### [Task description]
Please output the data exactly, minus pictures.

══ Exercise data ══

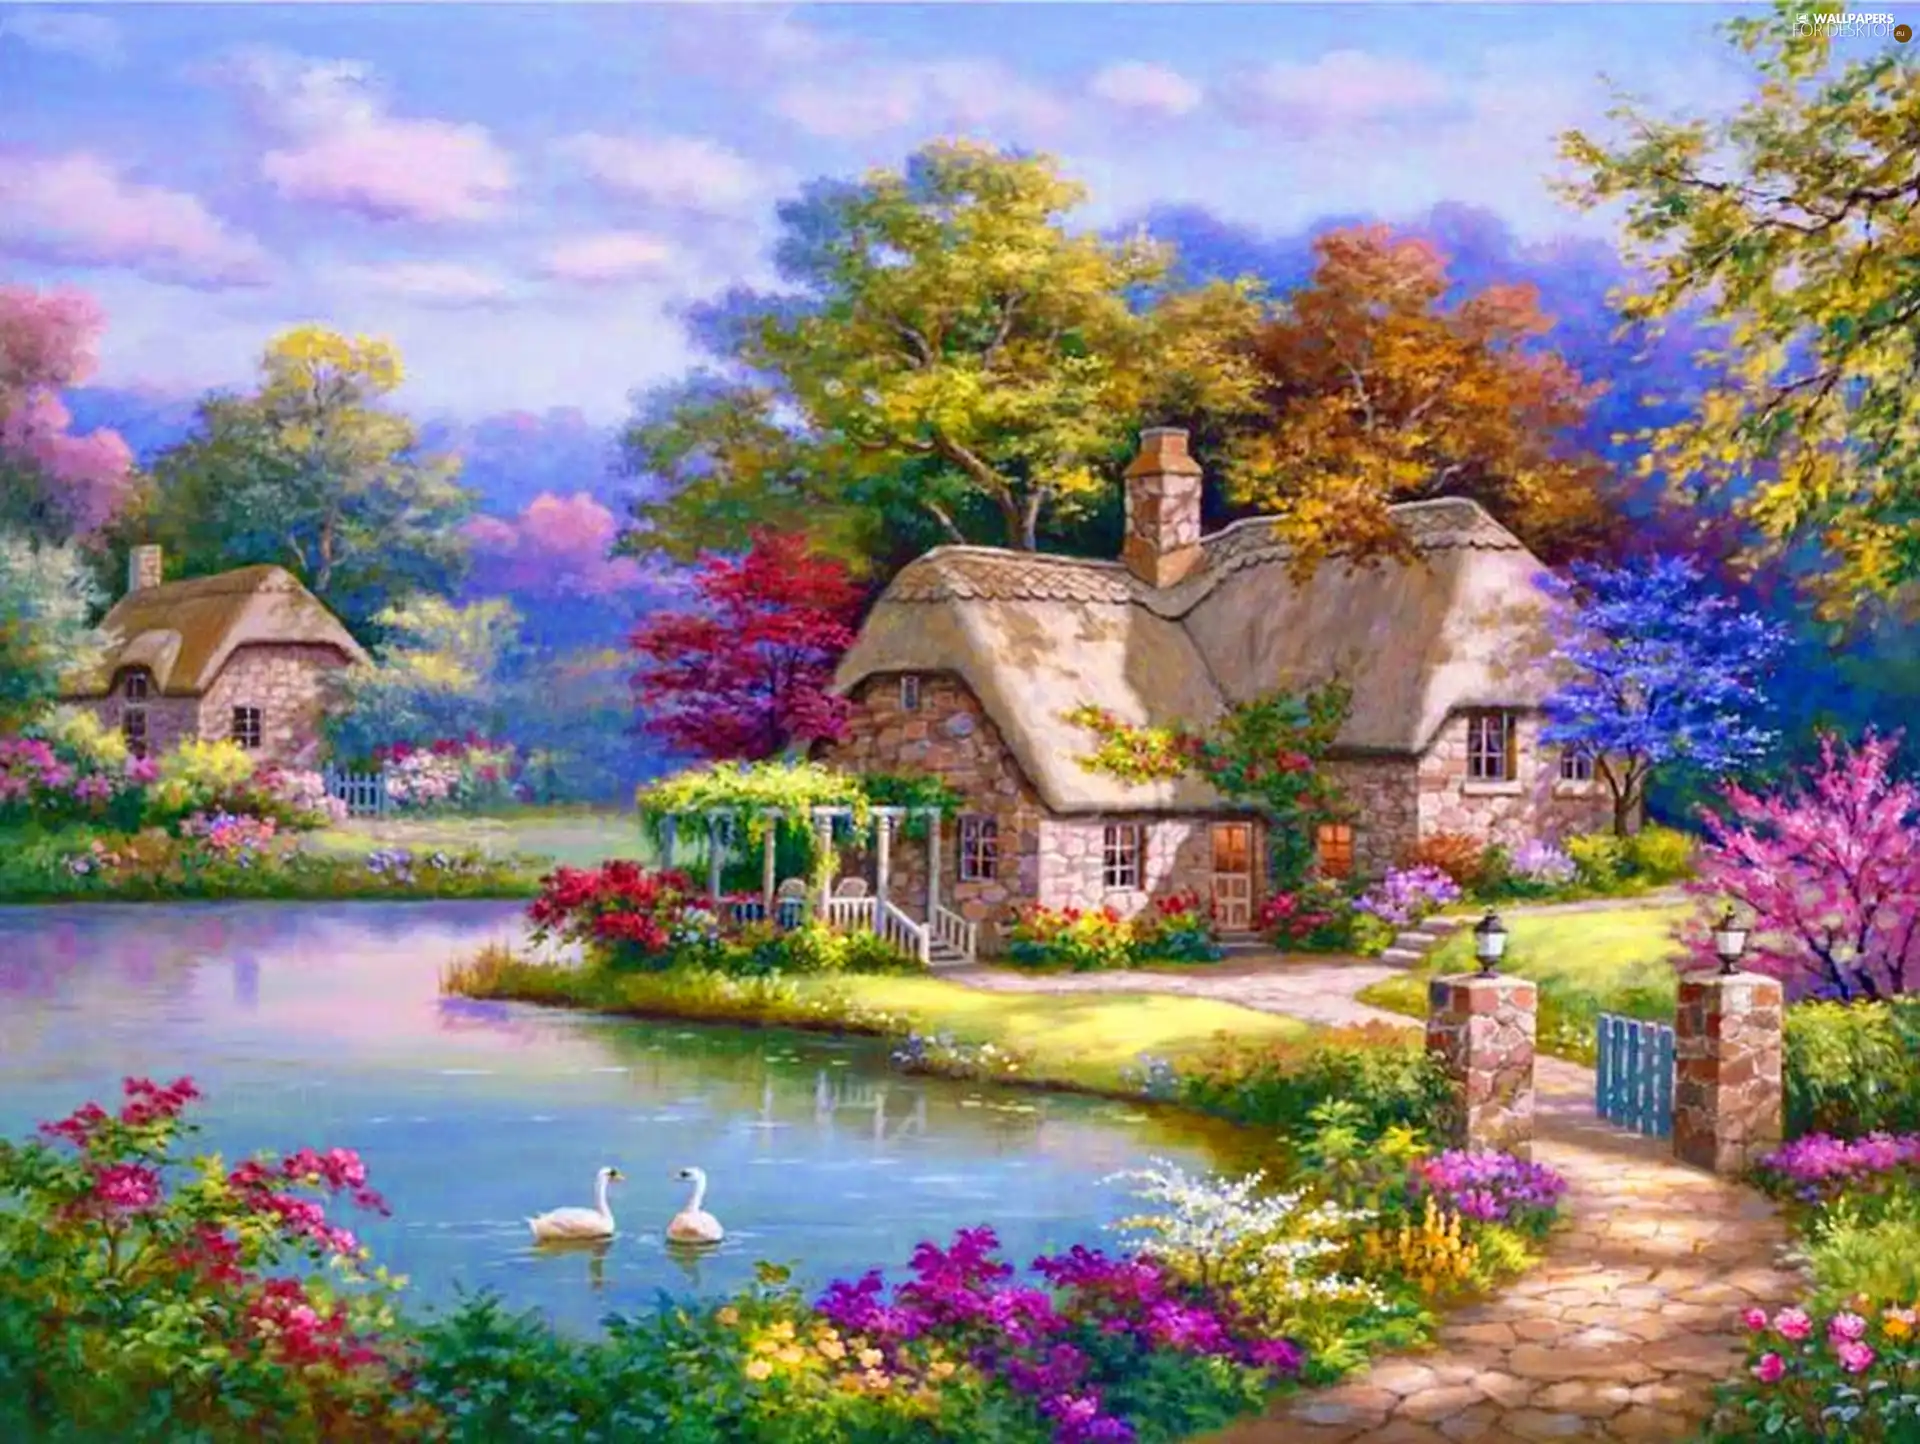 Flowers, Sung Kim, lake, Pond - car, house
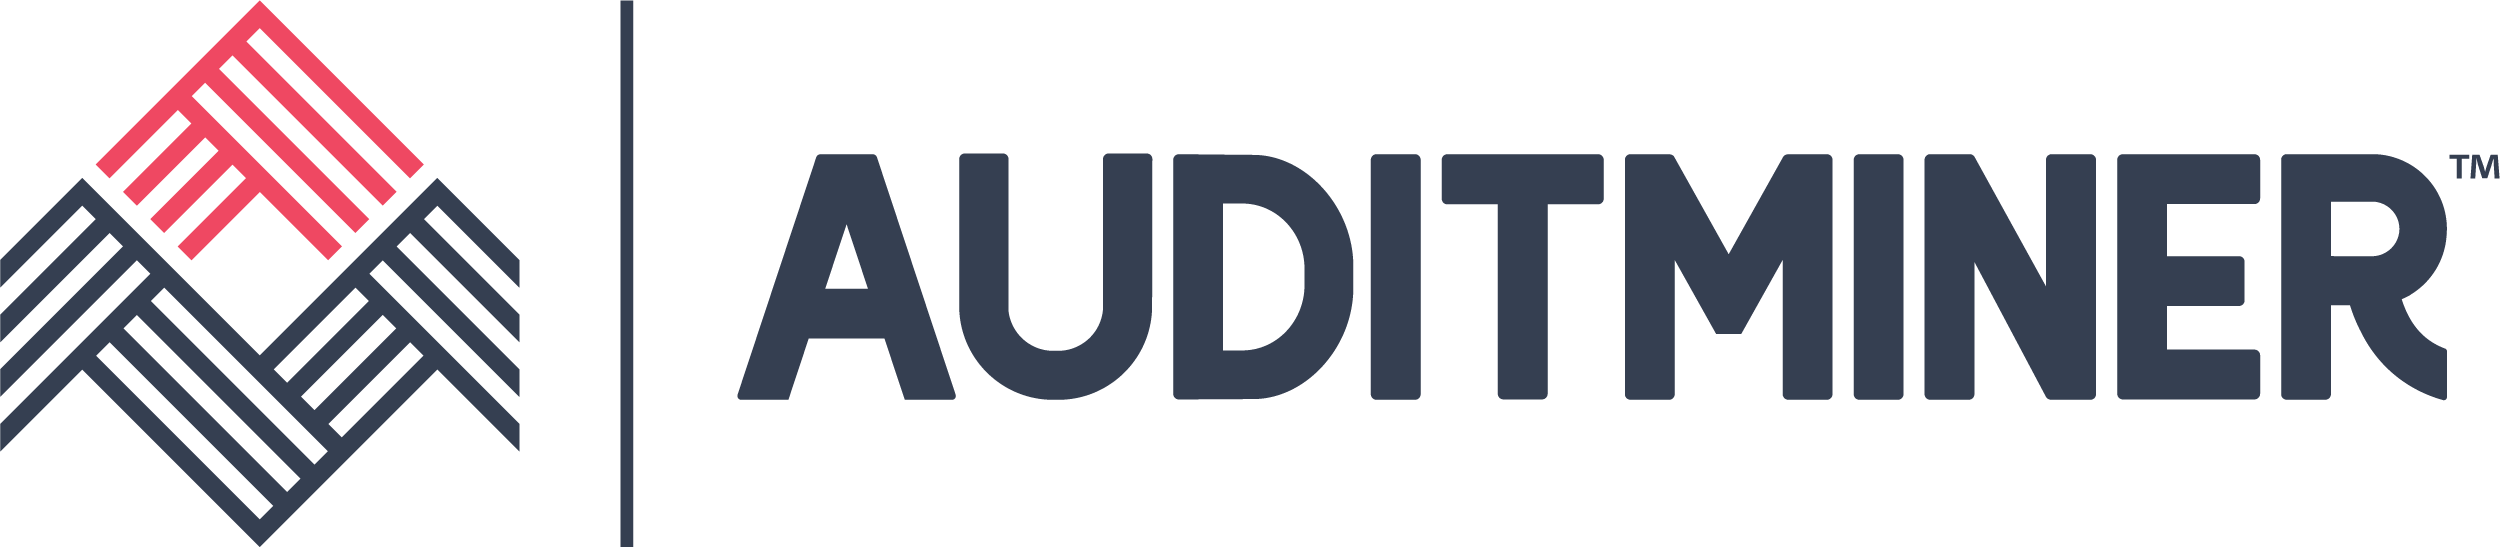 Auditminer logo
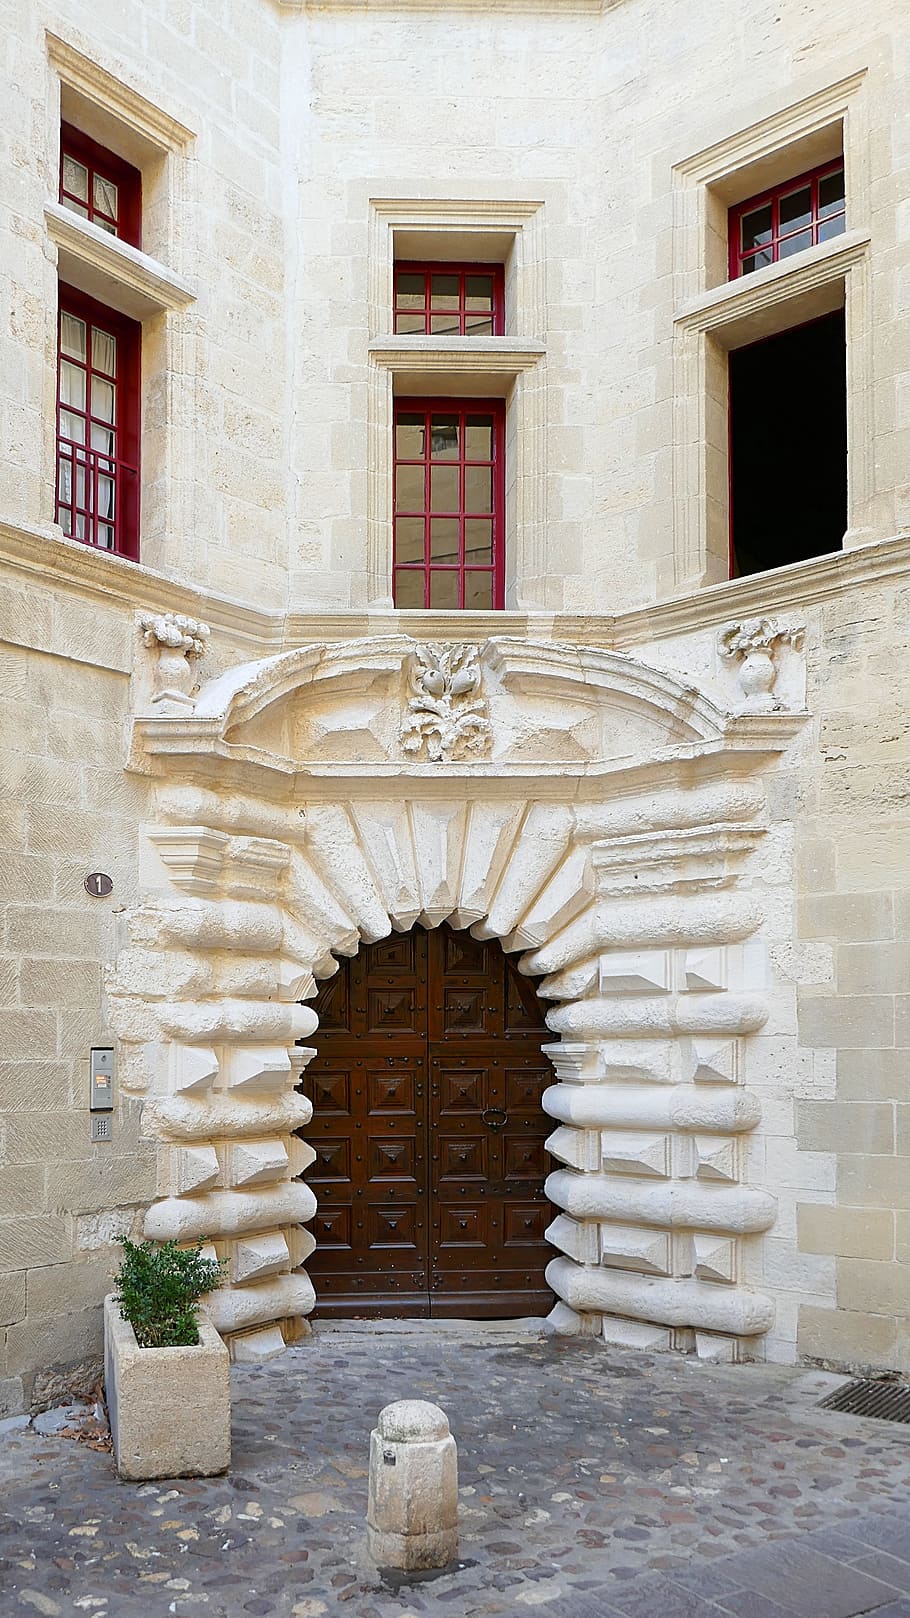 ドア, ユゼ, サンテティエンヌ, ガール, 1 rue saint etienne, フランス, 中世, 門, ルイ13世, 木材
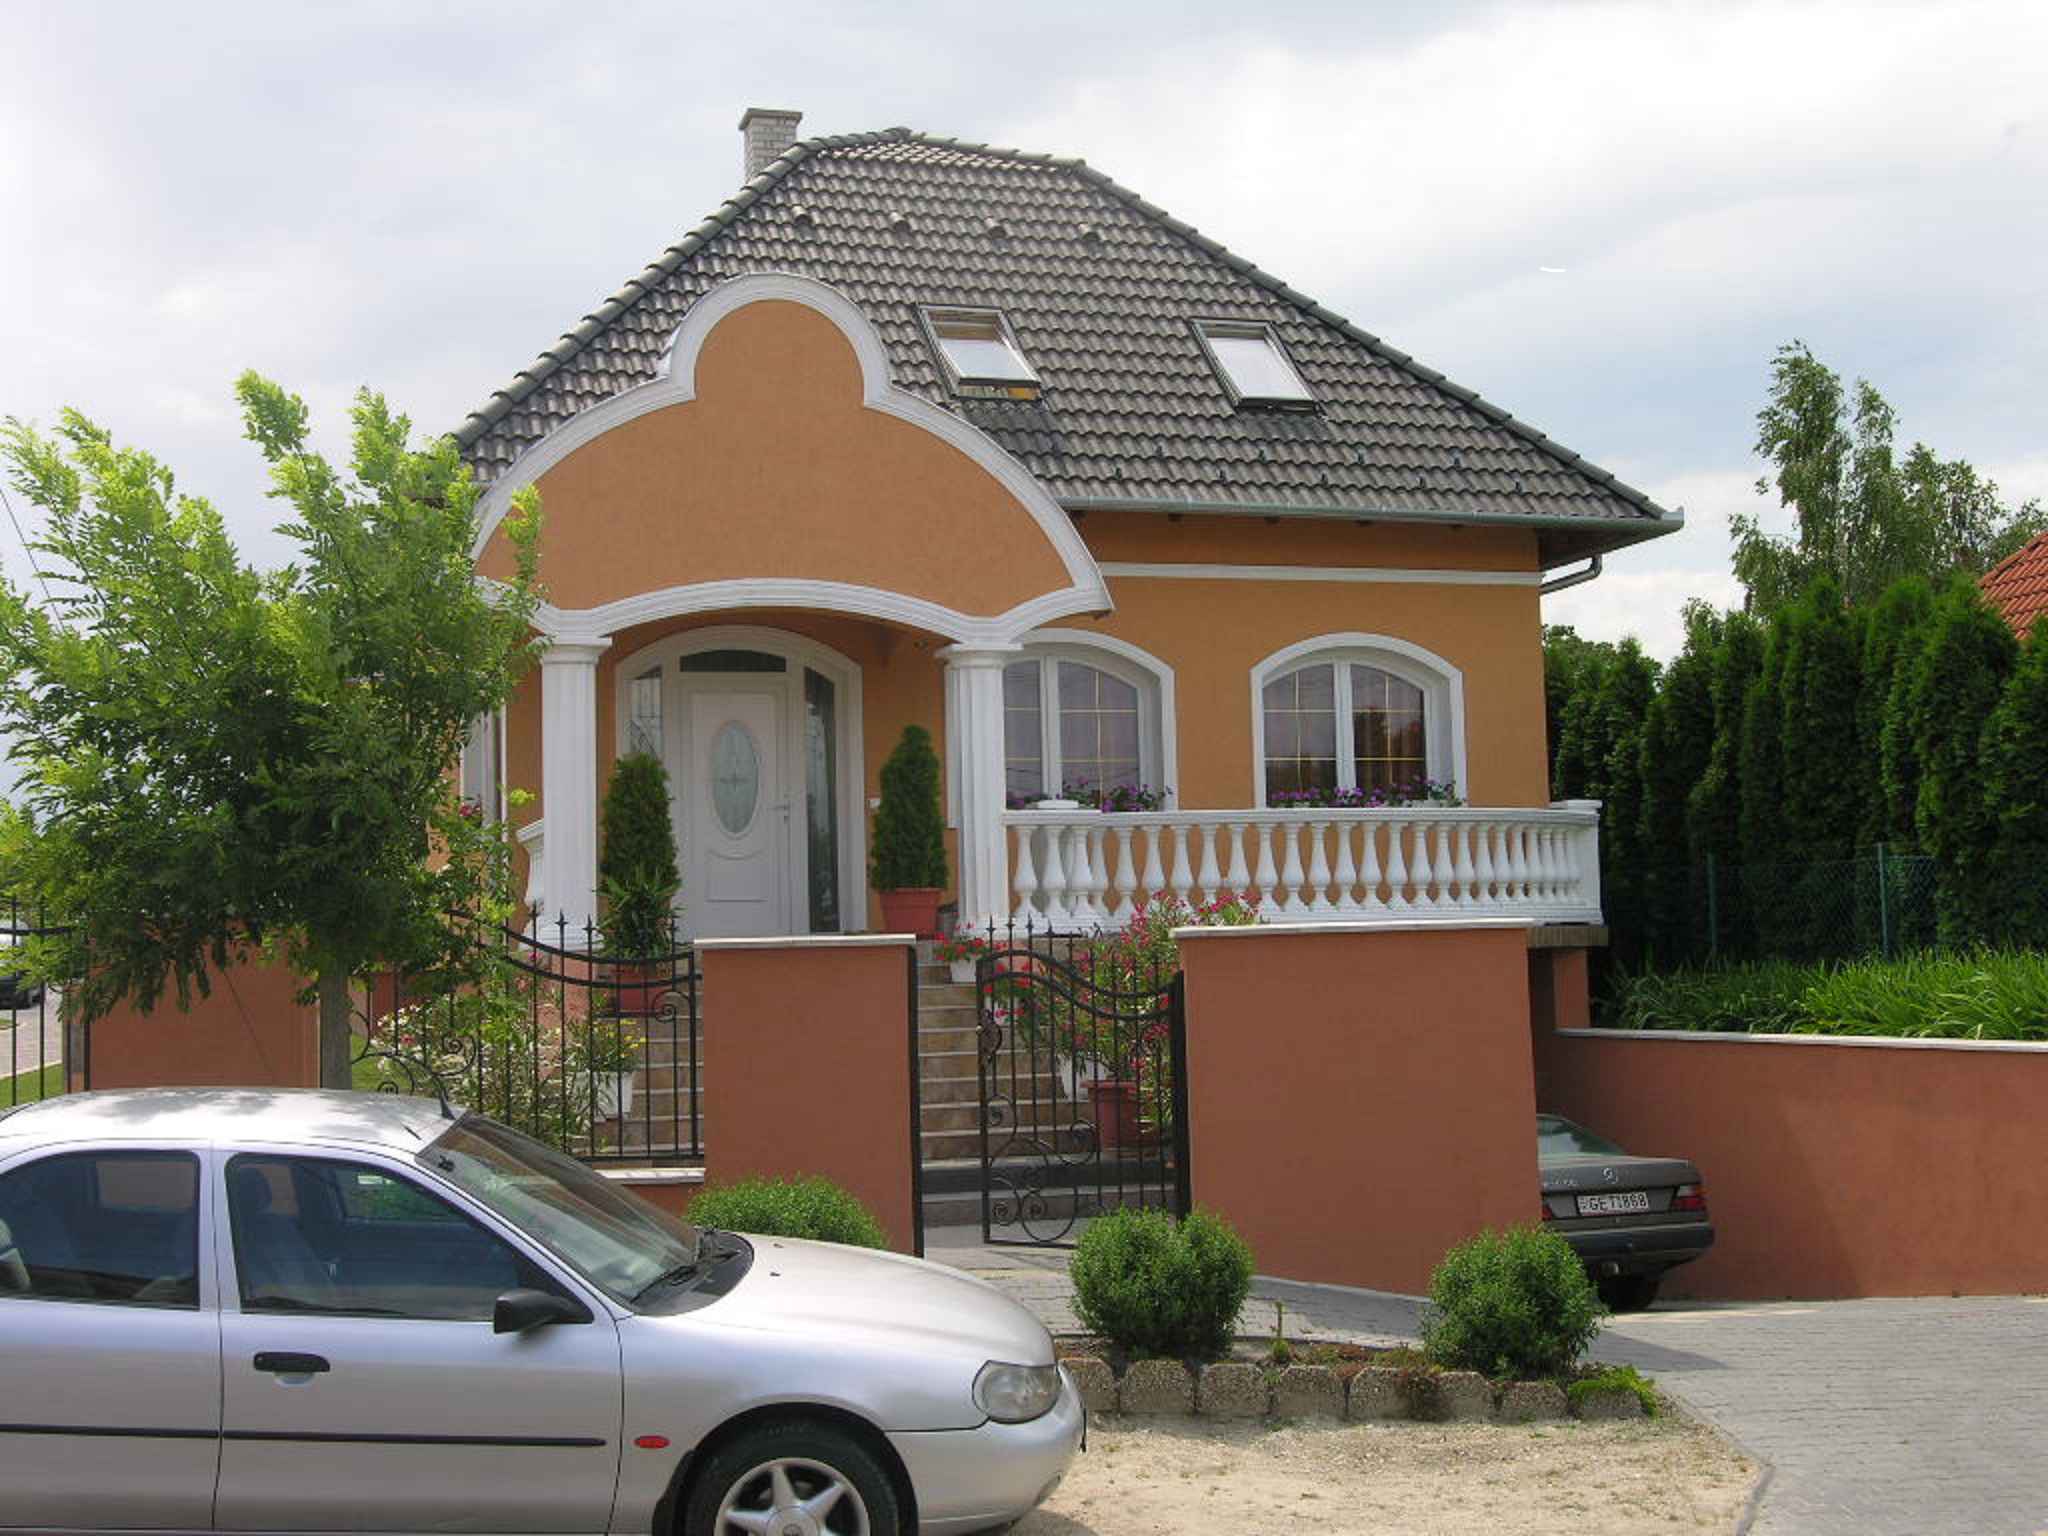 Ferienhaus mit luxuriösen Einrichtung Ferienhaus in Ungarn

═══

### [Finished exercise]
 Flowers, Sung Kim, lake, Pond - car, house
 Auditminer logo
 ドア, ユゼ, サンテティエンヌ, ガール, 1 rue saint etienne, フランス, 中世, 門, ルイ13世, 木材
 Ferienhaus mit luxuriösen Einrichtung Ferienhaus in Ungarn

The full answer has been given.